Arteriole-to-Venule Ratio
Although one of the most standardized retinal measurements, AVR from different applications will differ as it is based on CRAE and CRVE, which vary depending on factors, such as the number of vessels measured. In our study, differences between AVR from VAMPIRE and SIVA ranged from 0.16 to 0.40. Based on average CRAE and CRVE values from SIVA (130.51–187.86 μm) and VAMPIRE (131.55–178.85 μm), a higher average AVR is found using VAMPIRE (0.74 vs. 0.70) due to the smaller difference between average artery and vein widths.
Tortuosity
Differences in the vessel segments that SIVA and VAMPIRE sample for tortuosity and in how these are combined into a single measure per image (i.e., the use of mean, weighted mean, or median to derive a single tortuosity value) are likely. Poor agreement of tortuosity values also could be due to validation differences (testing against clinical judgement after conversion to a 3- or 4-point scale, testing against different ground truth sets, annotated in turn by different experts), and the use of different computational definitions of tortuosity measured within different numerical ranges.29
Fractal Dimension
FD measurements are sensitive to variations in segmentation, image acquisition angle, and FD calculation algorithms.15 Differences between software in vessel detection and in the fractal computation in our study will have contributed to the different values that were returned. SIVA performs monofractal analysis using the box-counting method,45 whereas VAMPIRE performs monofractal using box counting and multifractal analysis using the generalized sand-box method.49 It should be noted, however, that in our experiments the multifractal VAMPIRE FD used in the current analysis had better agreement with FD analyzed by SIVA (ICCs from 0.373 to 0.410) than a monofractal FD calculated by VAMPIRE (ICCs from 0.192–0.195).
Algorithm Based Measurement
The current practice of estimating vessel width relies upon derived parameters (CRAE and CRVE) that are based on an algorithm, in itself is an estimation. As vessel width is not derived from direct measurement of a physiologic or anatomic feature, the reliability of the measurement, thus, is dependent on reliability of the algorithm. Algorithms also are used in measurement of other parameters that have proven difficult to quantify directly, such as tortuosity, for which numerous algorithm variations exist attempting to capture the curvature of vessels.
Pixel to Micron Conversion
For the purposes of comparison across imaging systems and software packages, pixel measurements of CRAE and CRVE frequently are converted to standard units of length (i.e., micrometers). The same approach was used in this study for SIVA and VAMPIRE (1800 μm/average OD diameter), as recommended by the SIVA protocol.26 However, assuming the make and model of the camera system and the angle of acquisition are consistent, then the conversion factor depends on the average OD diameter measurement in the specific patient sample.

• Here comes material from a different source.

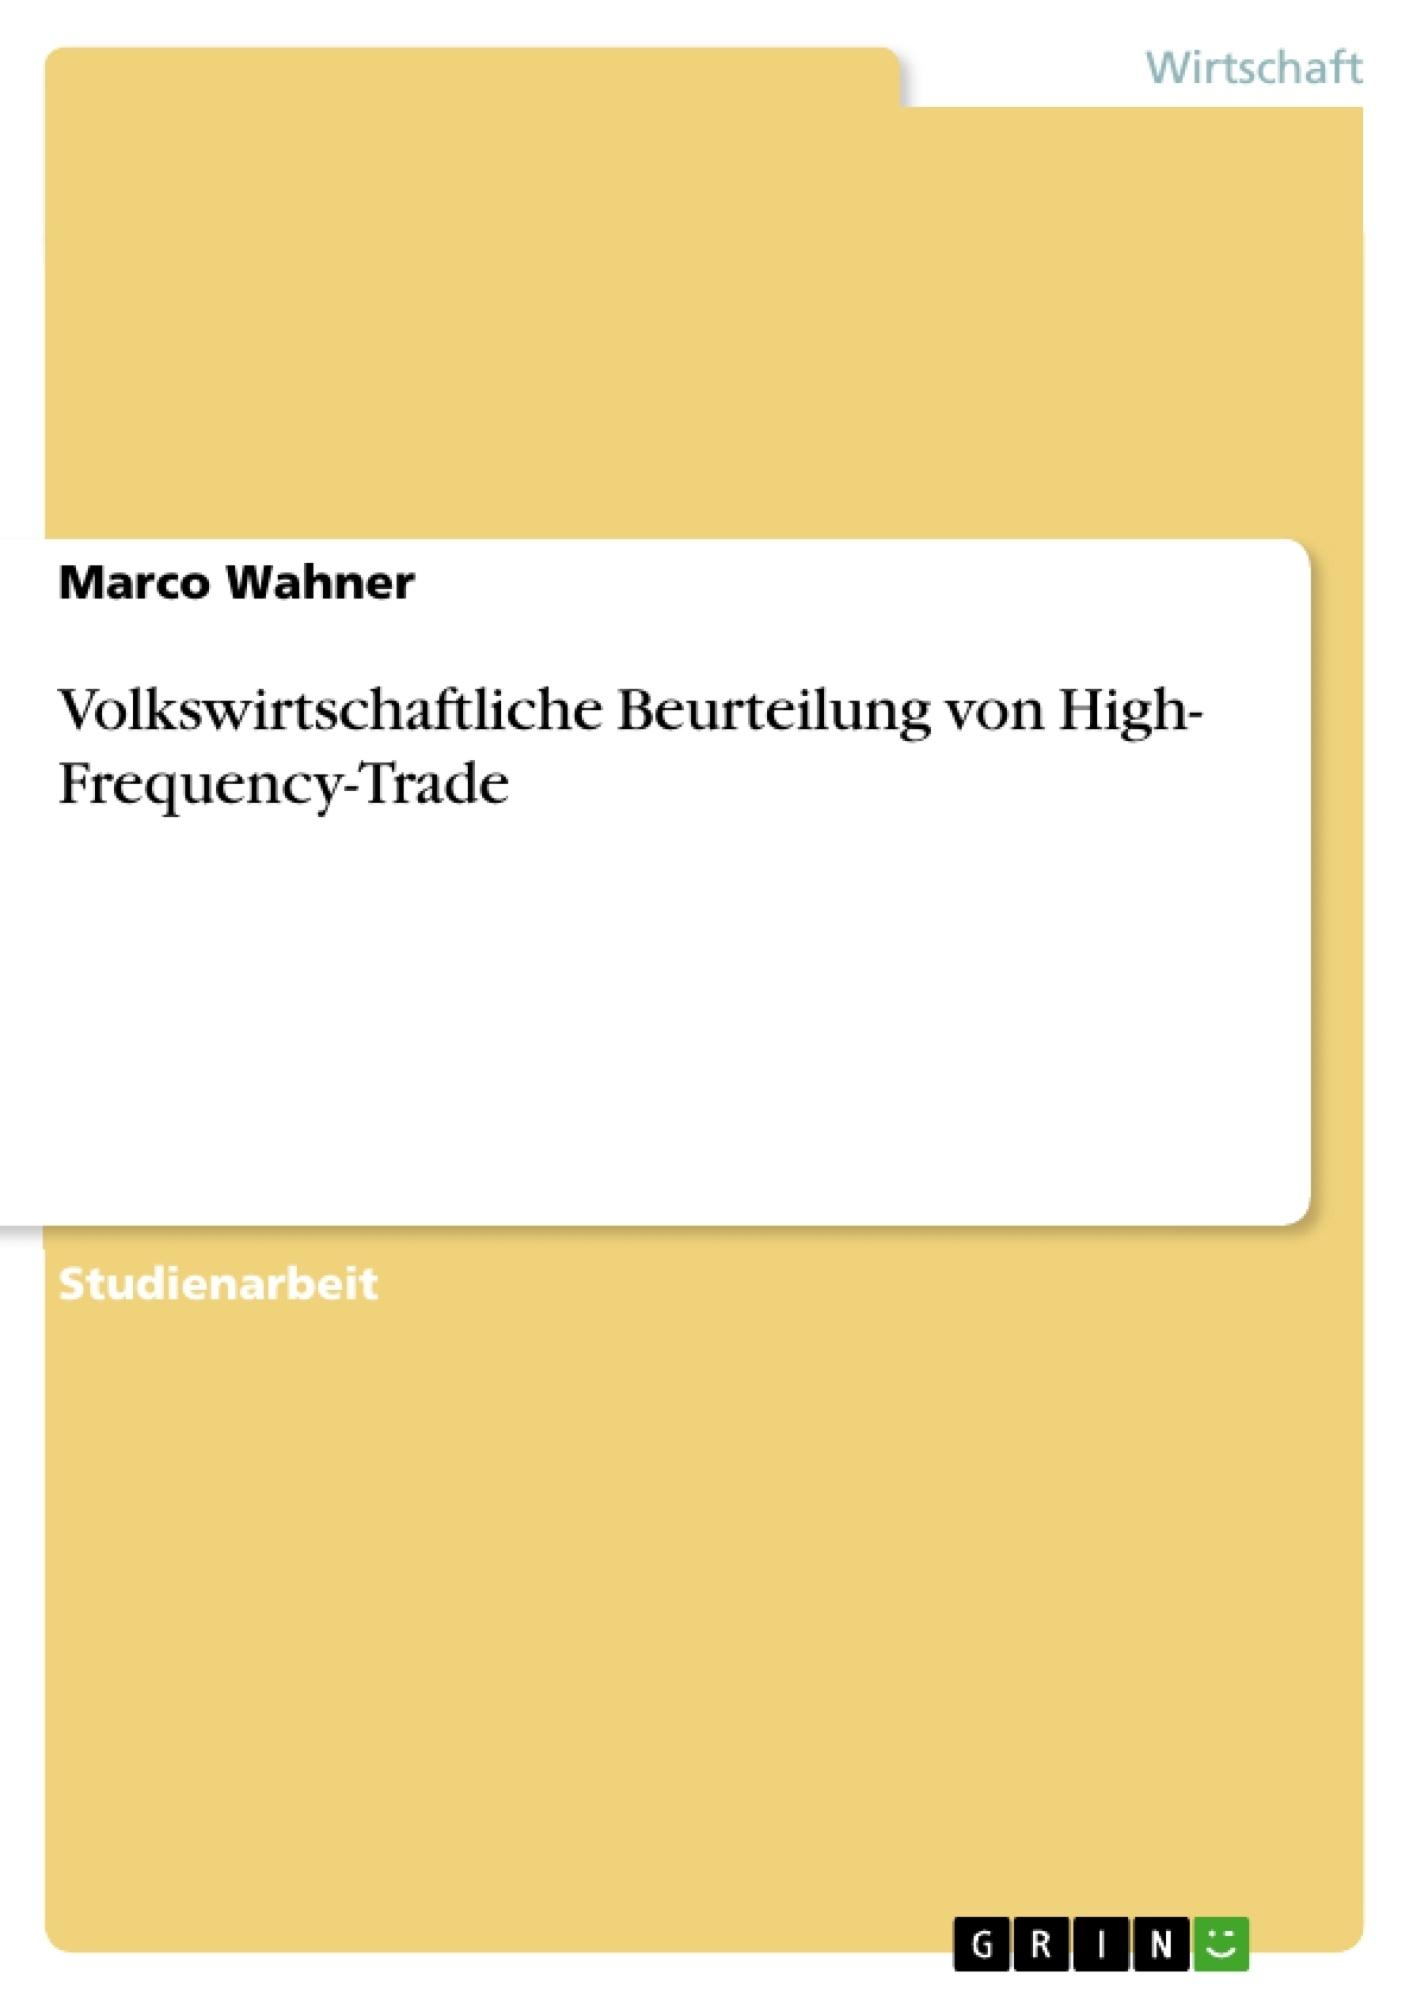 Titel: Volkswirtschaftliche Beurteilung von High- Frequency-Trade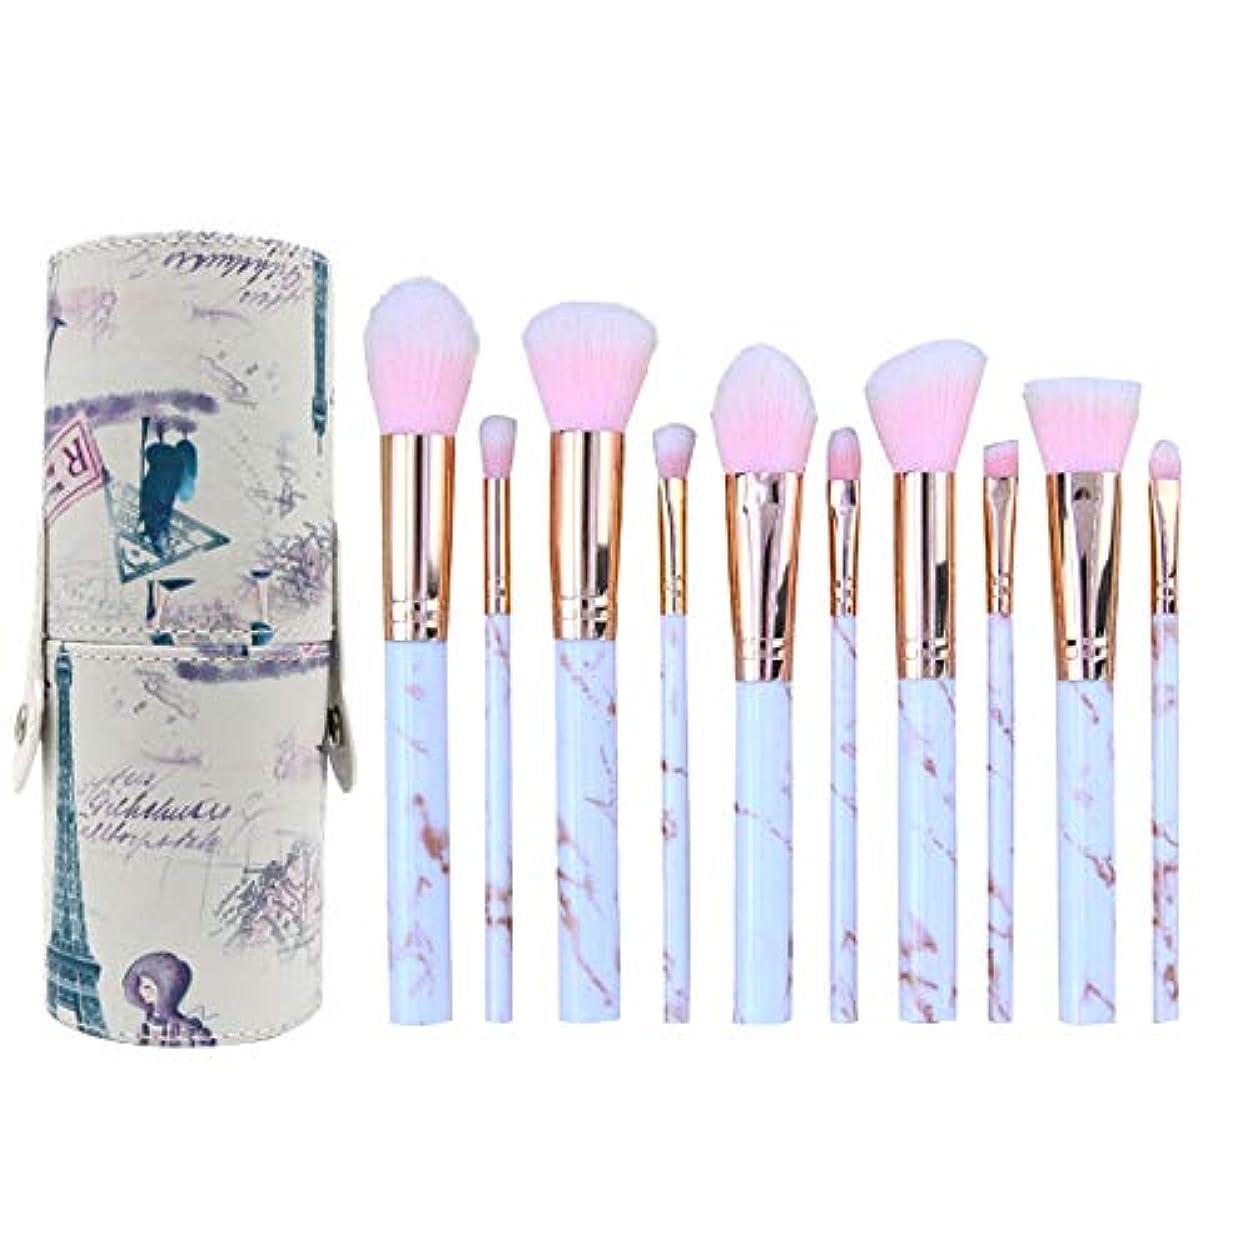 ジョットディボンドン異なる[RADISSY] メイクブラシ 化粧筆 フェイスブラシ 化粧ブラシ 10本セット 収納 ケース (ピンク)

Considerable variation exists in OD size within and between populations.50 The use of a sample-specific conversion factor based on the sample average OD diameter (and on assumed 1800 μm average OD diameter) may have important implications for retinal measurements; this becomes evident when retinal measurements in micrometers based on the standard image conversion factor (ICF = 1800 μm/average OD diameter) are compared to those calculated using a conversion factor unique to an individual (1800 μm/individual OD diameter). We ran this test with a set of 10 LBC1936 images (two images selected at each quintile point of OD diameter range), converting VAMPIRE CRAE and CRVE measurements from pixels to micrometers using the standard and an individual conversion factors (See Supplementary Table S3). Individual OD diameters varied from the sample mean by up to 367 pixels (the average diameter being 428.92 pixels, SD = 48.14); this resulted in conversion factor differences of up to 3.6 (sample data ICF range = 6.35–2.76 vs. standard whole sample ICF 4.28). Subsequent CRAE and CRVE from the same image differed by up to 58 and 76 μm, respectively (the averages of standard and individual ICF measures of CRAE and CRVE being, respectively, 134.57 vs. 132.32 and 182.07 vs. 183.17) and the difference between standard and individual conversion factor produced CRAE and CRVE mean measurements was significant (P < 0.05; see Supplementary Table S4).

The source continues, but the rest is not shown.